Screening for MH

There are 2 methods of MH screening; muscle biopsy and genetic testing using DNA samples obtained from venous blood.

For all new families investigation is started by muscle biopsy. As screening, the in-vitro contracture test (IVCT)¹, is performed on living muscle samples the patient has to travel to Leeds for a 1-2 night hospital stay due to travelling problems. The biopsy is usually performed under local regional anaesthesia and is taken from the vastus medialis (part of quadriceps muscle) through a 2-3 inch incision. The results and their implications are discussed with the patient the same day. There is a lower age limit of 10-12yrs mainly due to the size of muscle samples required.

If the clinical diagnosis is confirmed the individual will be screened for a series of mutations in the ryanodine receptor gene (RYR1) that can be used for MH diagnosis following the EMHG protocol² (www.emhg.org).  Should a diagnostic mutation be identified relatives can be offered a preliminary DNA test. If they are shown to carry the familial mutation a positive diagnosis is made and a muscle biopsy is unnecessary. However if undetected a confirmatory muscle biopsy is required before an MH negative diagnosis can be given with assurance. This is for safety reasons in clinical practice, as the genetics of MH is complex and a negative diagnosis needs to be secure. Thus DNA testing alone does not alter the anaesthetic clinical management of patients.

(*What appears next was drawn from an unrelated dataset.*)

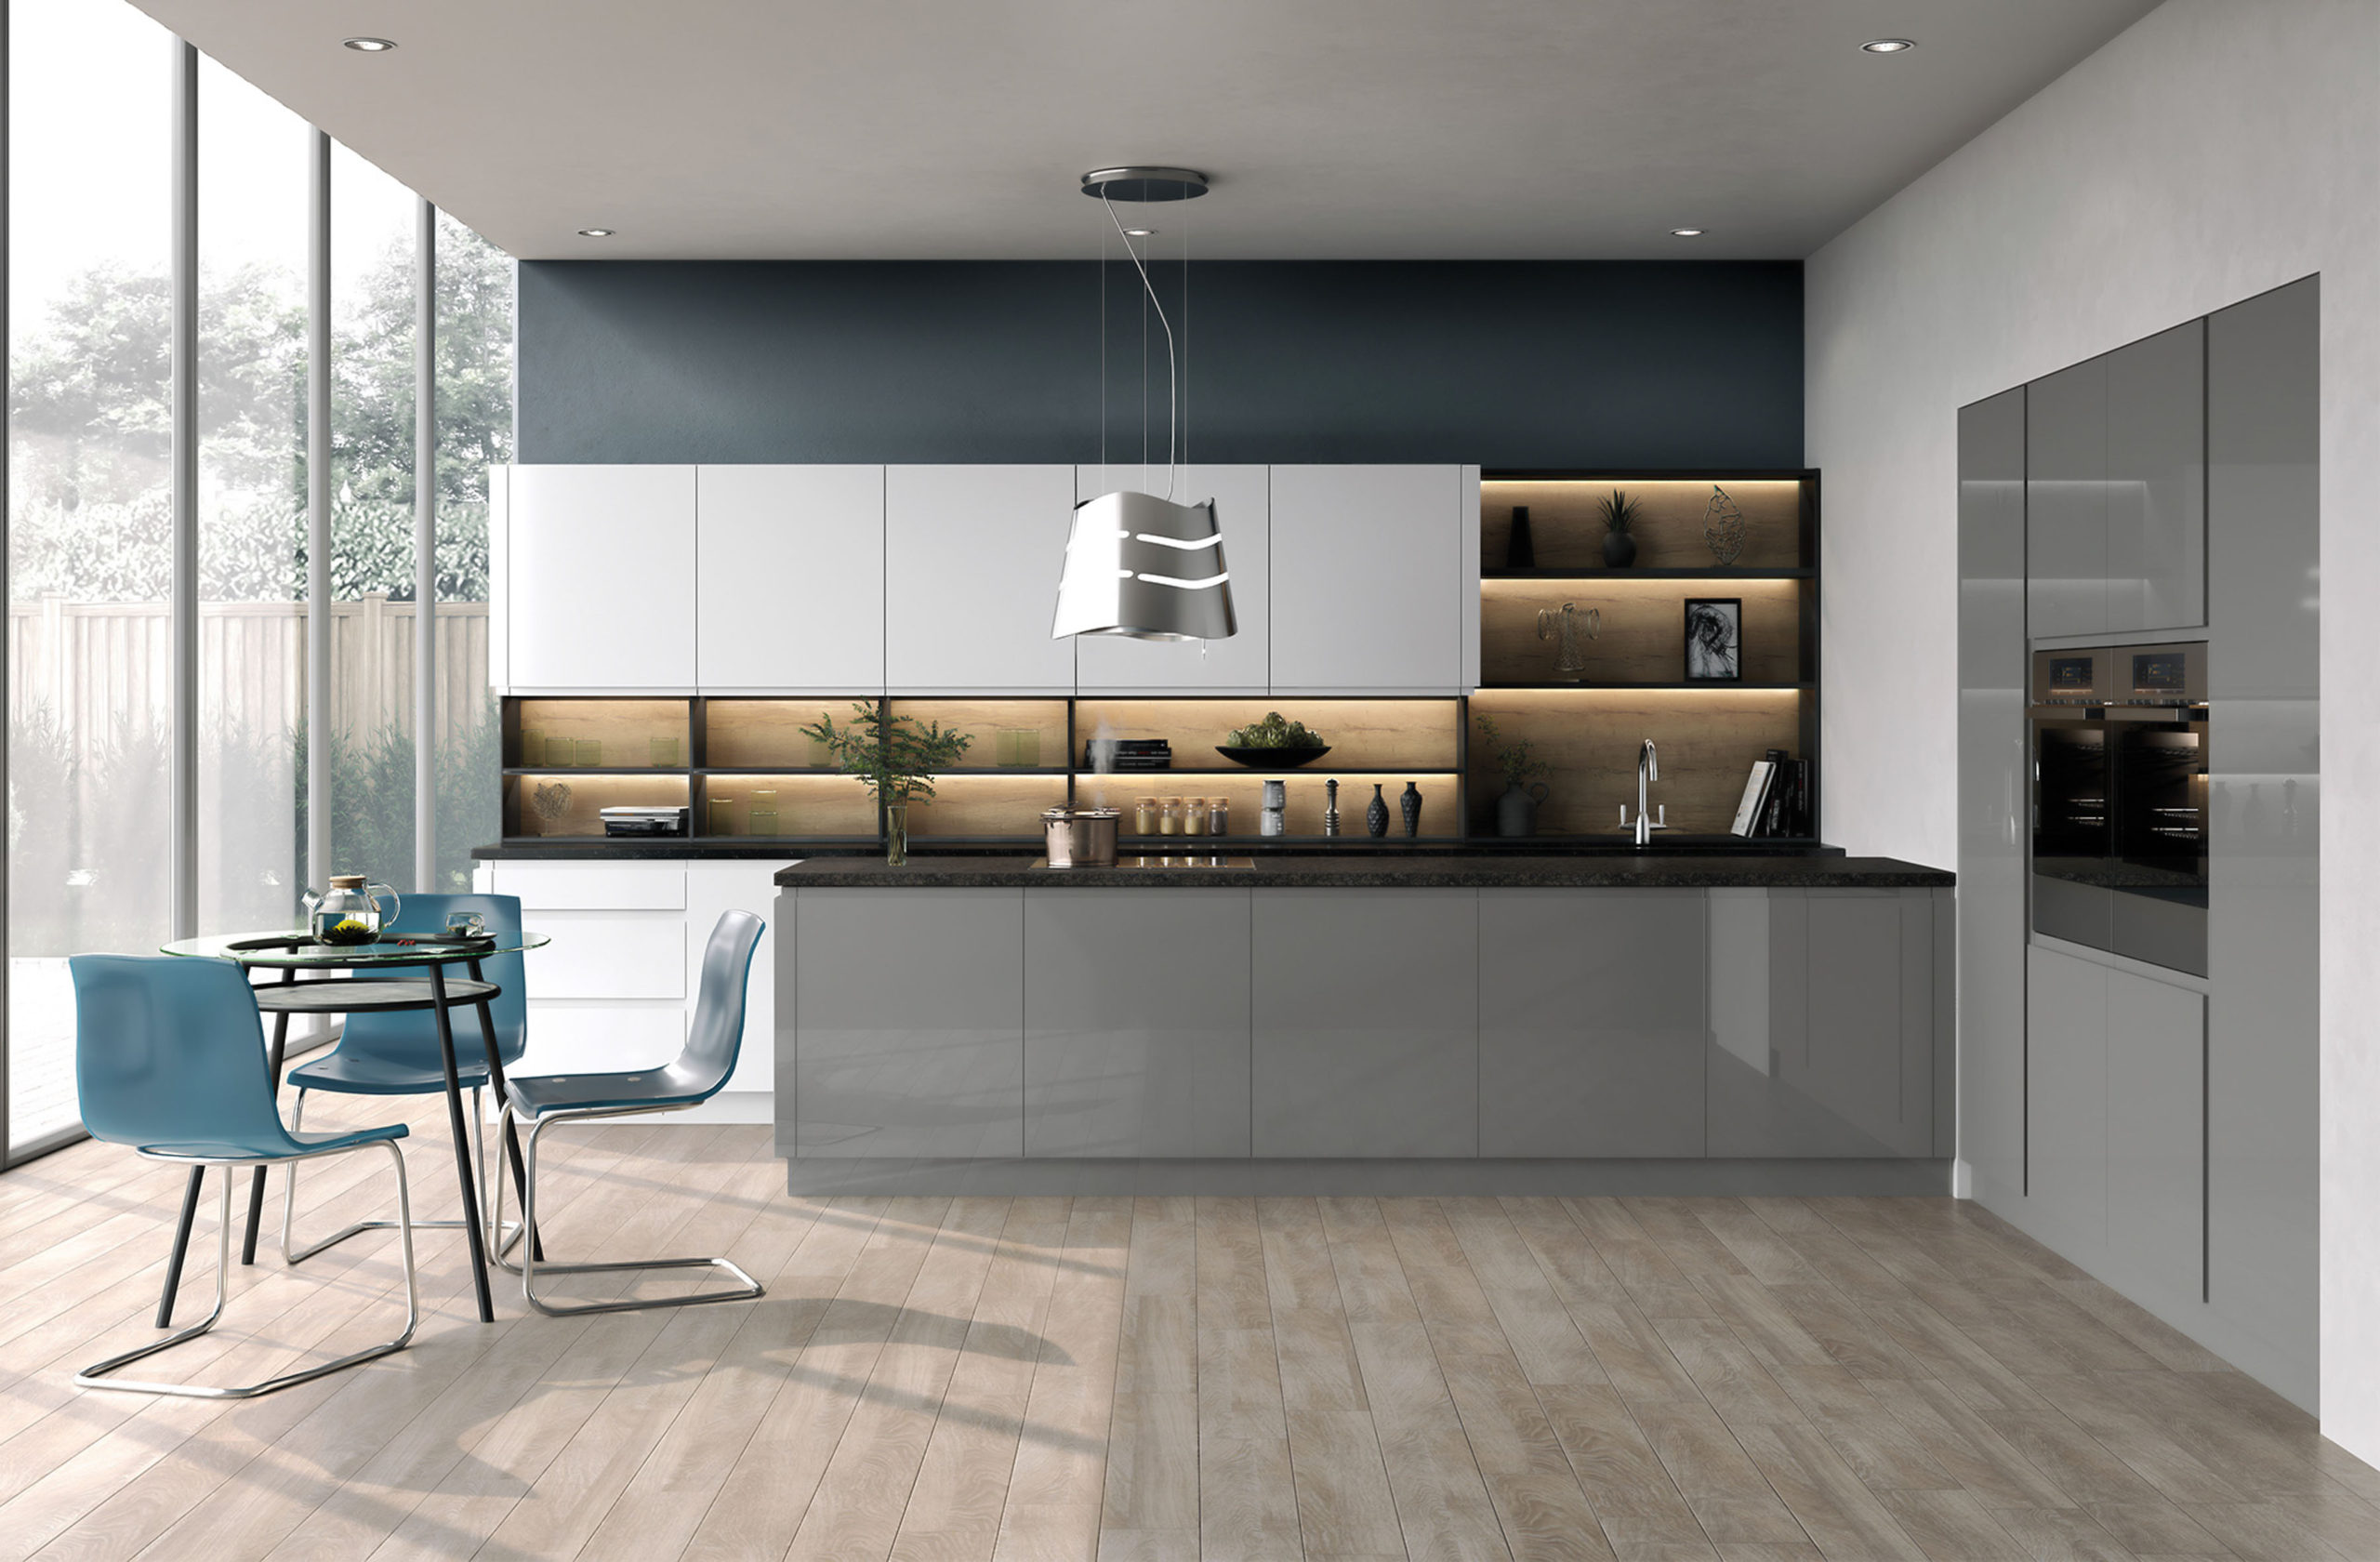 Kitchen Trends 2020: Cook Up A Fresh Look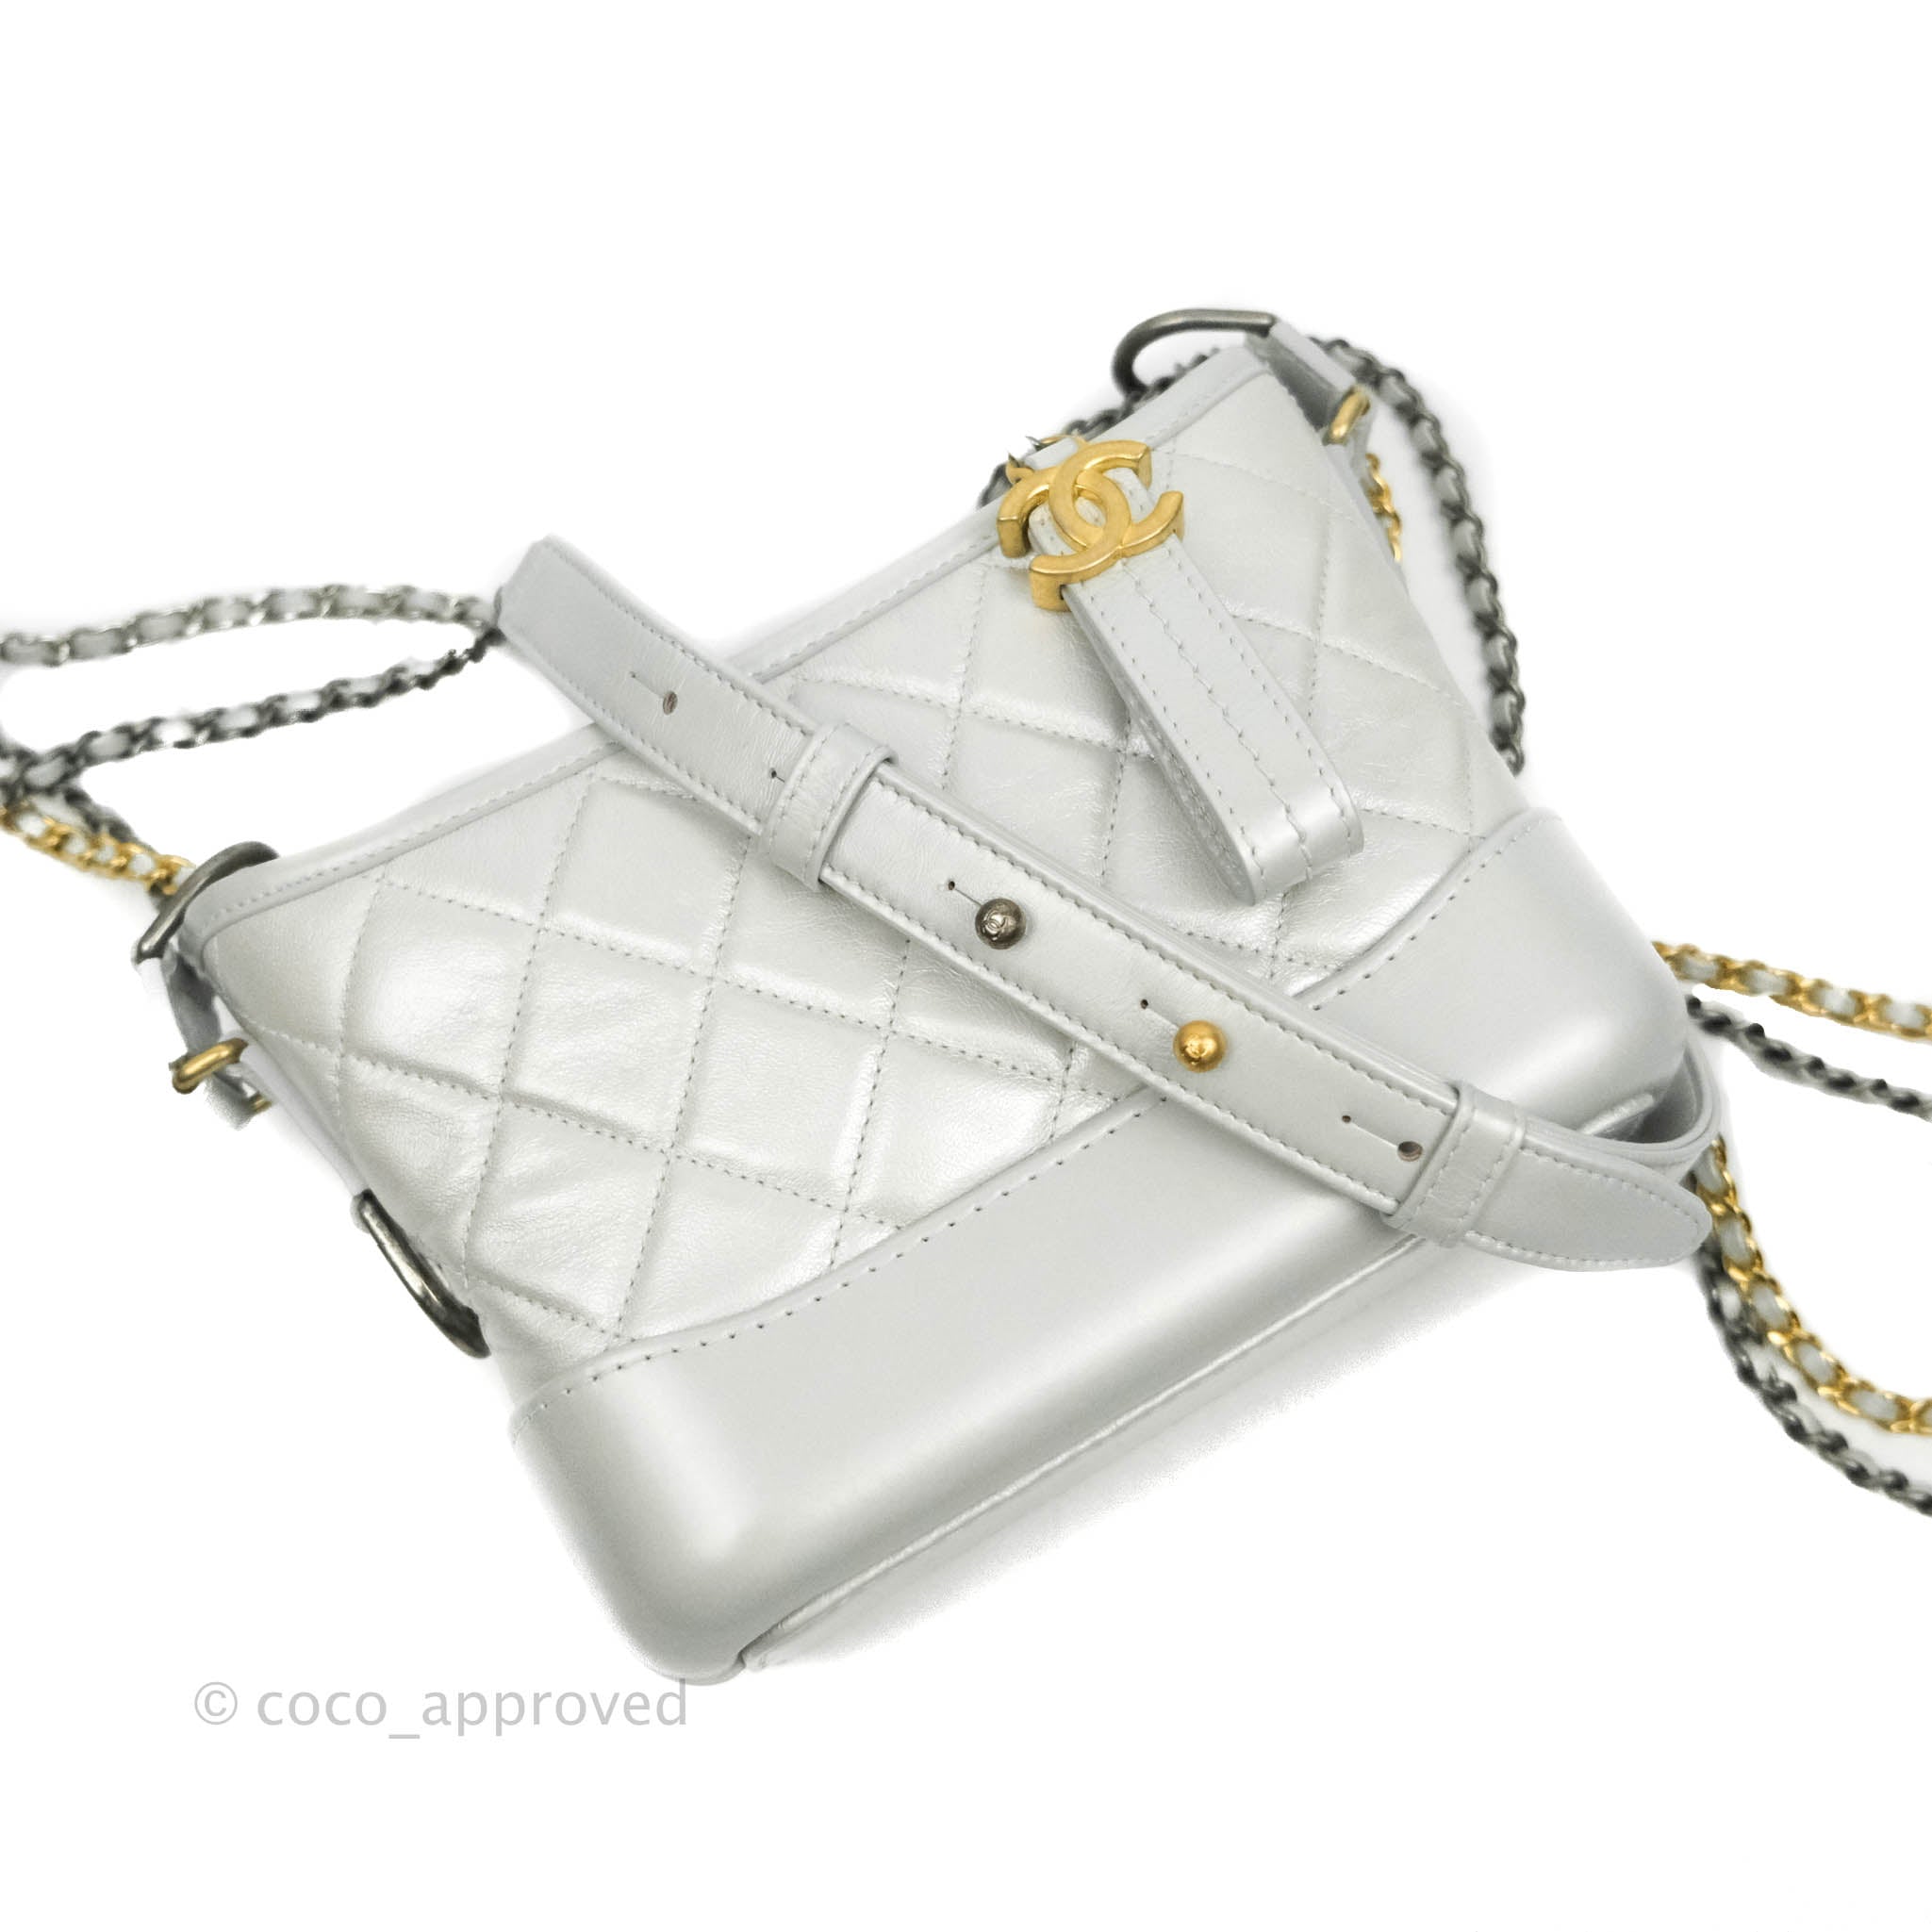 chanel gabrielle backpack white

Currently ~40% of UK families are suitable for DNA testing. Current practice screens for certain RYR1 mutations having molecular evidence supporting a pathogenic role in MH (EMHG protocol² www.emhg.org). Testing should be conducted in a molecular genetic laboratory with appropriate accreditation. The MH unit will be able to advise whether or not a patient can be offered a DNA test as they hold the family results. As DNA testing performed in isolation does not alter the anaesthetic clinical management of patients screening requires co-ordination via MH centres who can offer a muscle biopsy if appropriate and also ensure the patient is provided with information about what to do if they require anaesthesia in the future, provide warning cards etc. Collation of family clinical and genetic data is also essential in cases of emergency, the MH unit being the first point of contact by anaesthetists having to treat a suspected case or crisis.

MH Register

All patients who have been investigated are entered onto a register and collated together with family members. All correspondence regarding patients who have previously been referred but not deemed to require screening is also kept. This allows for any queries, such as confirming results or the potential risk of MH in a relative, to be quickly traced.

Contacts
Dr PJ Halsall/Prof PM Hopkins
MH Investigation Unit
Clinical Sciences Building
St James’s University Hospital
Leeds
LS9 7TF

Tel  0113 206 5270
Fax 0113 206 4140

Hotline 07947 609601. This is usually available for medical emergencies only, but it is a mobile phone and therefore sometimes cannot be answered quickly

References

1) The European Malignant Hyperpyrexia Group. A protocol for the investigation of malignant hyperpyrexia (MH) susceptibility. Br J Anaesth. 1984 Nov; 56(11): 1267-1269.

 2) Urwyler A, Deufel T, McCarthy T, West S; European Malignant Hyperthermia Group. Guidelines for molecular genetic detection of susceptibility to malignant hyperthermia. Br J Anaesth 2001 Feb; 86(2): 283-287.